Lessons from shipping two live AI SaaS products solo.


About This Guide

In early 2026, I built and shipped two production AI applications from scratch on the same stack: Next.js (App Router) + Supabase + Vercel + Anthropic Claude API.

  • OTONAMI — an AI-powered music pitch matching platform connecting Japanese independent artists with international curators. Multi-weight matching engine, bilingual pitch editor, curator dashboard, Stripe billing, Resend transactional email.
  • STYLE SYNC — an AI dance costume stylist service that takes context about a performer (genre, venue, vibe, body type) and generates tailored styling recommendations with shopping links.

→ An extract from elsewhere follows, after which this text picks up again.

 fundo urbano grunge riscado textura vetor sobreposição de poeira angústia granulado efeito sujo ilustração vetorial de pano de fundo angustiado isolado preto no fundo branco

Along the way I made every mistake you can make with an LLM-backed product. The patterns below are the ones that survived contact with real users, real latency constraints, and real billing.

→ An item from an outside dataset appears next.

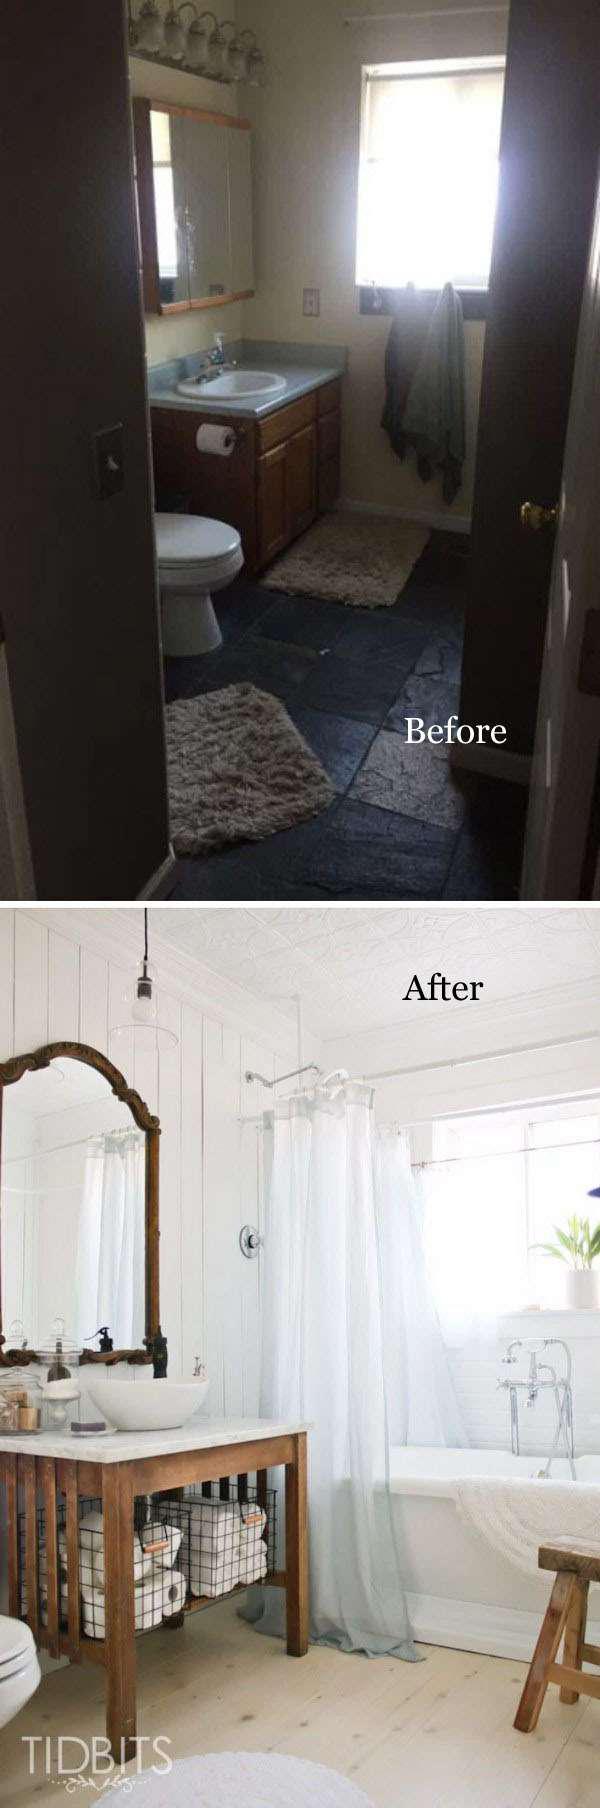 16 идей преображения старой ванной комнаты 8 | Дока-Мастер

This guide isn't a tutorial. It assumes you've built against the Claude API at least once and are now trying to make it reliable, cheap, and fast in production. It focuses specifically on the patterns that matter inside Next.js App Router applications deployed to Vercel.

All pricing and model references are current as of April 2026.

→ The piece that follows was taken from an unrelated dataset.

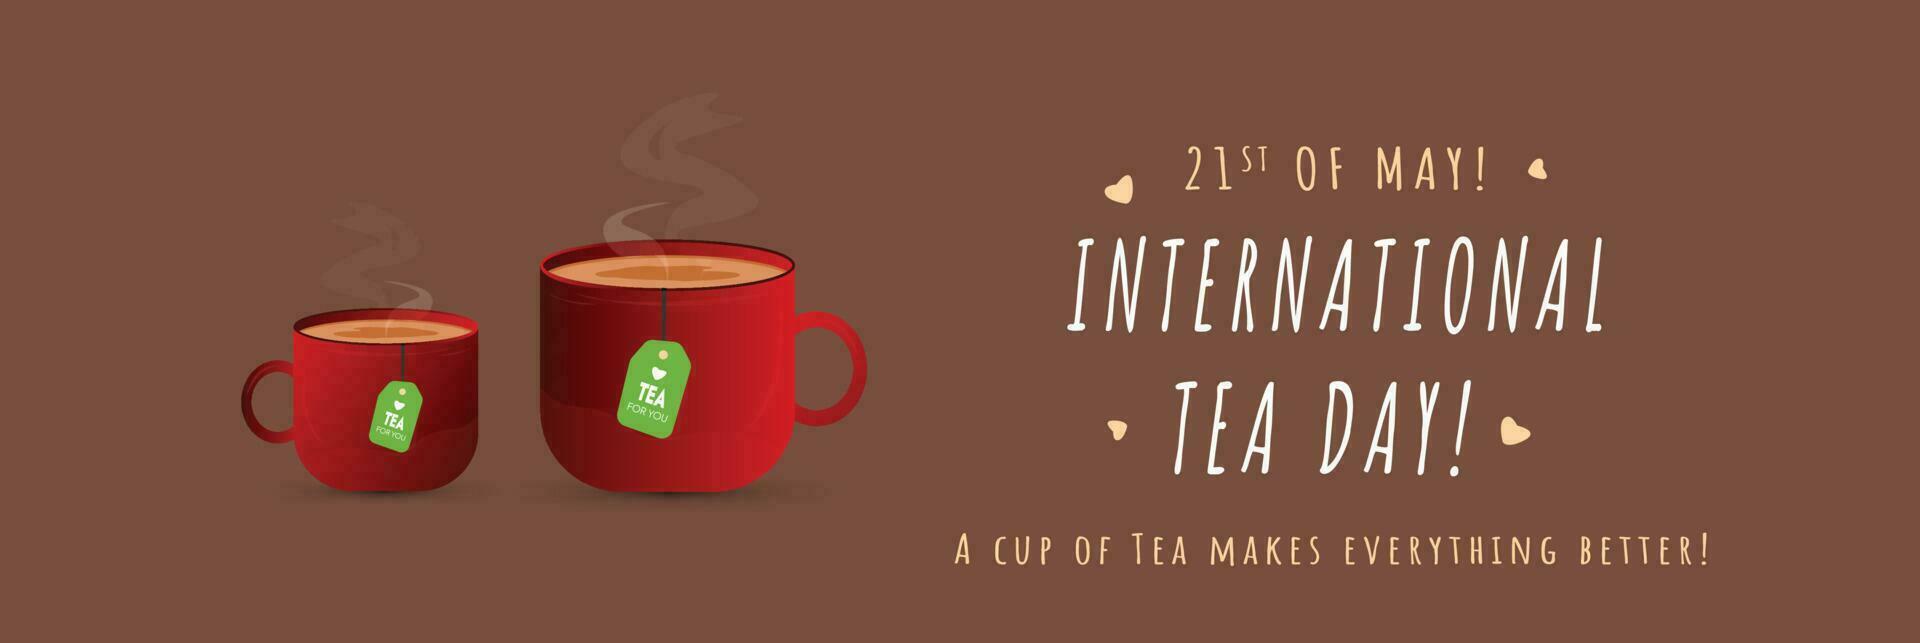 Internationale thee dag. 21e mei gelukkig thee dag viering banier met twee cups van thee en theezakjes. restaurant bewustzijn post voor koffie liefhebbers. kop vol van heet thee. vector poster voor sociaal media

1. Model Selection: The Three-Tier Strategy

The single most impactful decision in a Claude-backed app is which model handles which request. Get this wrong and you'll either burn money or ship a slow product.

Current generation (April 2026):

Model Input Output When to use
Claude Opus 4.7 $5 / MTok $25 / MTok Agentic reasoning, complex planning, highest-stakes decisions
Claude Sonnet 4.6 $3 / MTok $15 / MTok Default workhorse — most production work
Claude Haiku 4.5 $1 / MTok $5 / MTok Classification, routing, extraction, moderation, simple generation

The naïve pattern is "use Sonnet for everything." This works, but it's typically 2–3x more expensive than it needs to be.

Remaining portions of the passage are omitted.